Several years ago, I remember hearing a story about my wife’s cousin. He and his wife were missionaries in Romania for a number of years. During one of their missionary visits, they were invited to the home of a poor couple for dinner. At just the right moment, this humble couple took out a bottle of Coca-Cola and presented it as a gift to the visiting missionary couple, insisting that they drink it with their meal.
I’m starting to call these simple acts of strategic and preferential treatment – Kingdom Leveraging.
In Luke 16 Jesus gives a lesson in Econ 101, the difference is He turns the way we often think about economic common sense on its head. After telling his disciples that they need to be wise and shrewd in how they engage in economic realities, He then makes an amazing statement. Listen to this,
“And I tell you, make friends for yourselves by means of unrighteous wealth, so that when it fails, they may receive you into the eternal dwellings.” (Luke 16:9, ESV)
In straight-forward language, Jesus is telling His disciples to utilize ordinary (unrighteous) wealth to advance Kingdom purposes. This theme is often repeated in the Gospels.
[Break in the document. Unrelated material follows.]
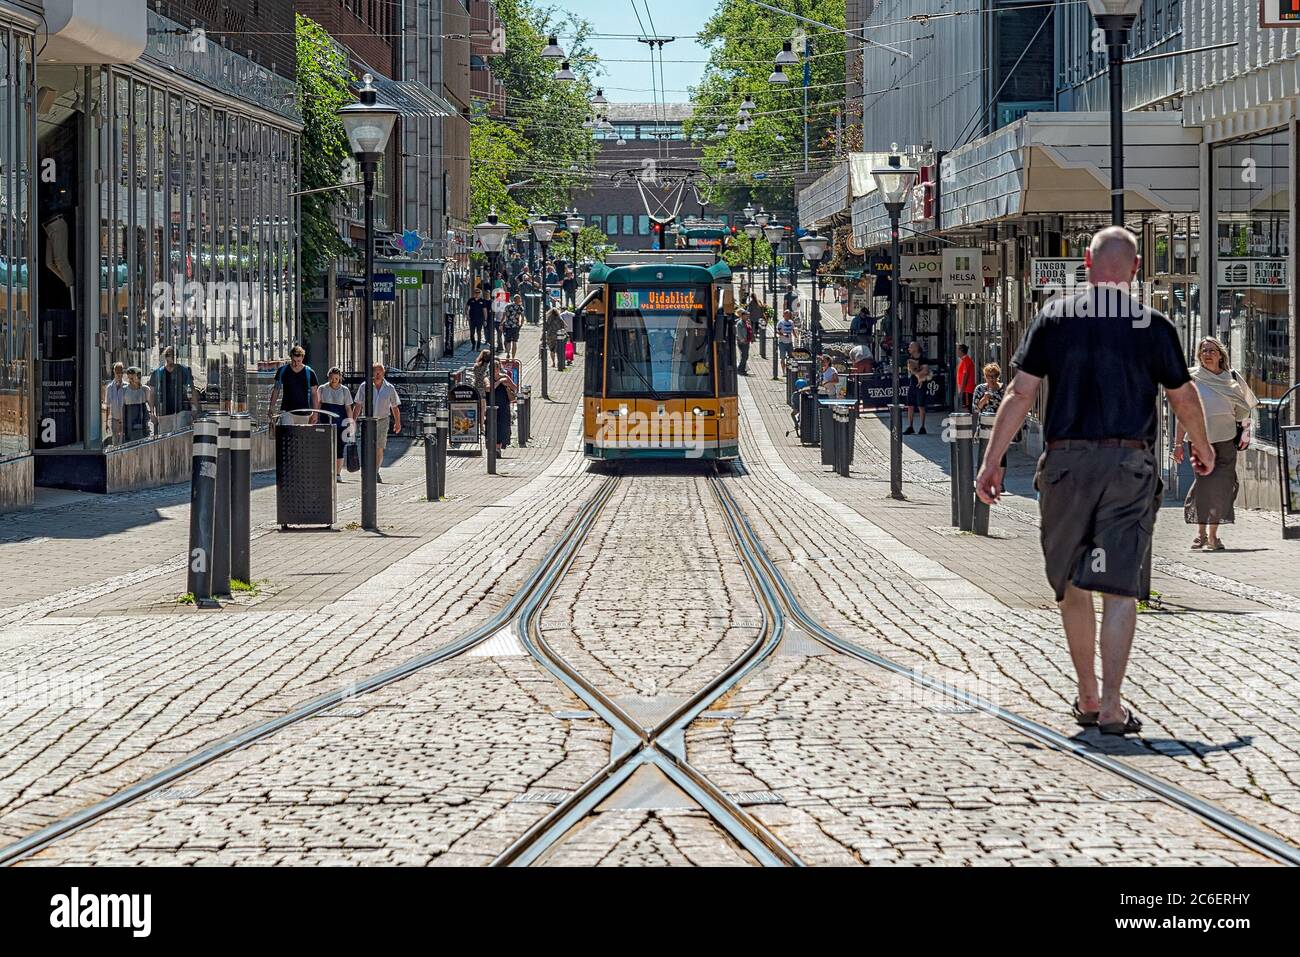 NORRKOPING, SWEDEN - JUNE 13, 2020: The Norrkoping tramway network is a system of trams forming a principal part of the public transport services in N Stock Photo
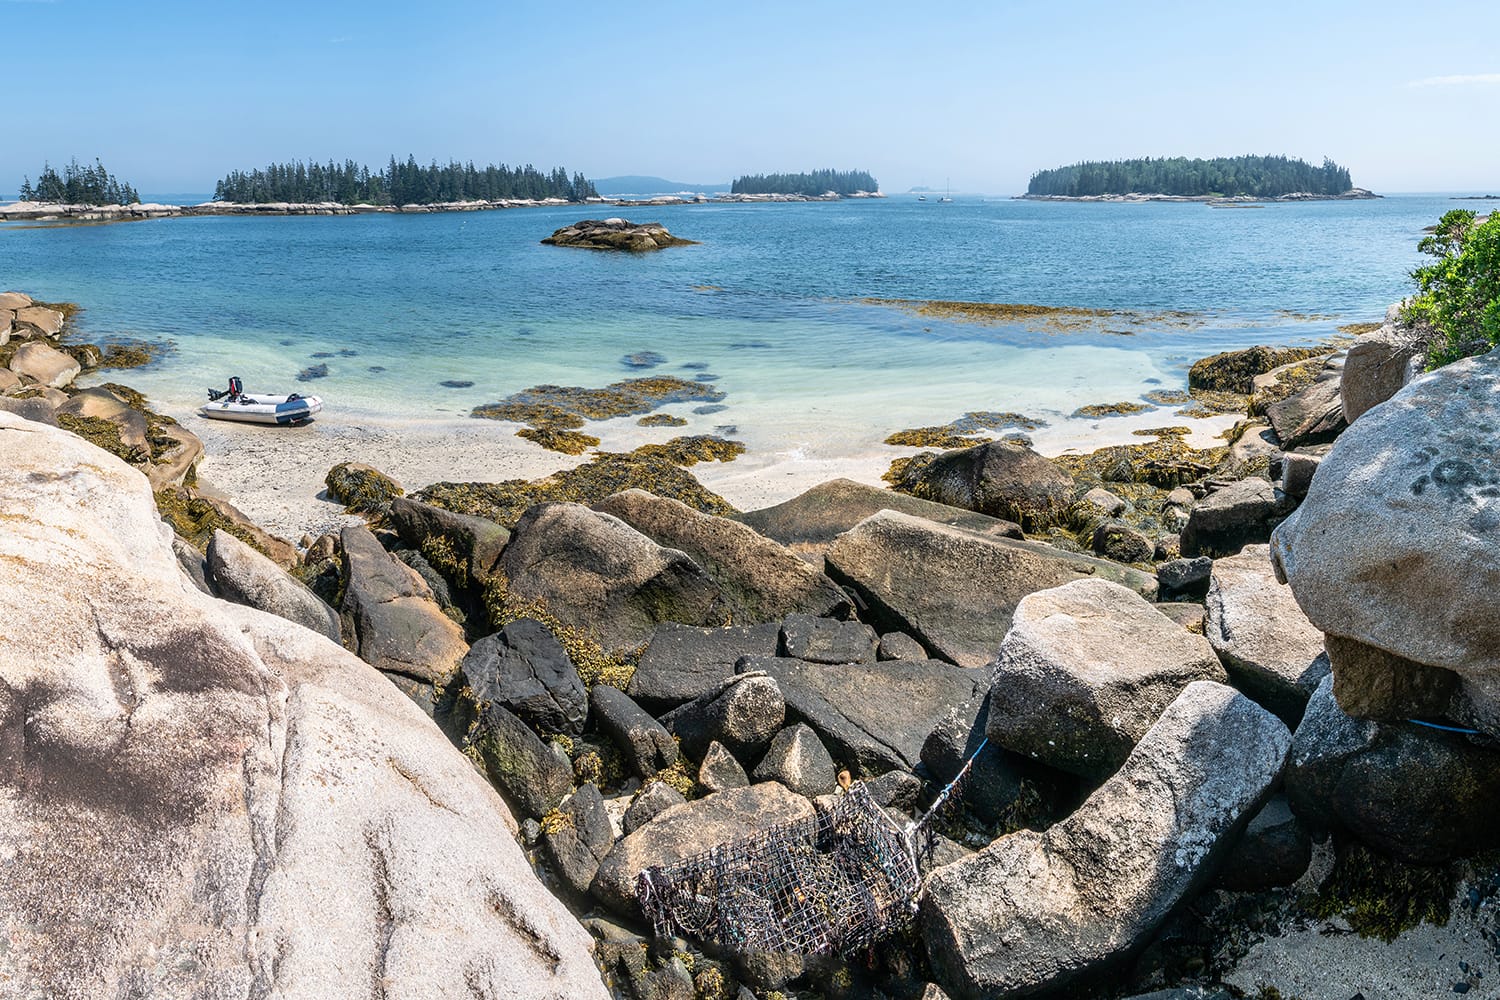 A view of the White Island archipelago from South Big Garden Island near Vinalhaven, Maine in Penobscott Bay.

In other words, Jesus is advocating using commonplace means to further His Kingdom. The Apostle Paul picks up this same line of thinking in Acts 20, where he says,
“In all things I have shown you that by working hard in this way we must help the weak and remember the words of the Lord Jesus, how he himself said, ‘It is more blessed to give than to receive.” (Acts 20:35)
In a world that tells us we need to love ourselves and get all that we can, Jesus tells us to lay down our lives, take up our cross, and deny ourselves. When it comes to Kingdom economics, the math ain’t mathing.
Here’s how I have been thinking about this…. God has generously given both small and large everyday gifts to His people. There’s not one of us that can say we don’t have anything to give, share, or “leverage” to advance Jesus’ Kingdom. I’m talking about everything from the smallest of God’s every day gifts to the largest of His kindnesses. All of these can be used to advance (read leverage) God’s purposes in the world. Something as seemingly insignificant as a Coca-Cola over dinner is a demonstration of God’s largesse when given to a stranger.
There’s another Bible story about a real woman who had a troubled past (a woman of the city, a sinner) coming to see Jesus (Luke 7). She was chided and belittled by the local cadre of religious leaders, but not so, Jesus. In her gratitude for Jesus’ kindness and the forgiveness He offered to her, she took out a bottle of perfume and wept real tears, washing Jesus’ feet with their mix. She then proceeded to dry Jesus’ feet with her hair. Can you imagine? This woman, moved with gratitude to Jesus, uses a bottle of perfume and her own tears make the declaration of her love known to both Jesus and the world as she knew it. In a word, she leveraged the things she had at her immediate disposal to advance the Kingdom of God.
So now I’ve been asking myself the question…what do I have that God can use? What ordinary resources can be leveraged for Kingdom purposes? It won’t do to say I simply don’t have the means and resources to be generous! I have an abundance of skills, personal possessions, and even enough wealth, to offer for use, and I’ll bet you do too.
Along this line, Eric Liddell, the young man portrayed in the movie, Chariots of Fire, said it like this,
“We are all missionaries. Wherever we go we either bring people nearer to Christ or we repel them from Christ.”
Here’s how we can pray, God give me wisdom and help me to think strategically. And God help me to leverage your generosity to me so that your name may be known in all the earth, even if that means gladly serving a stranger my last bottle of Coca-Cola.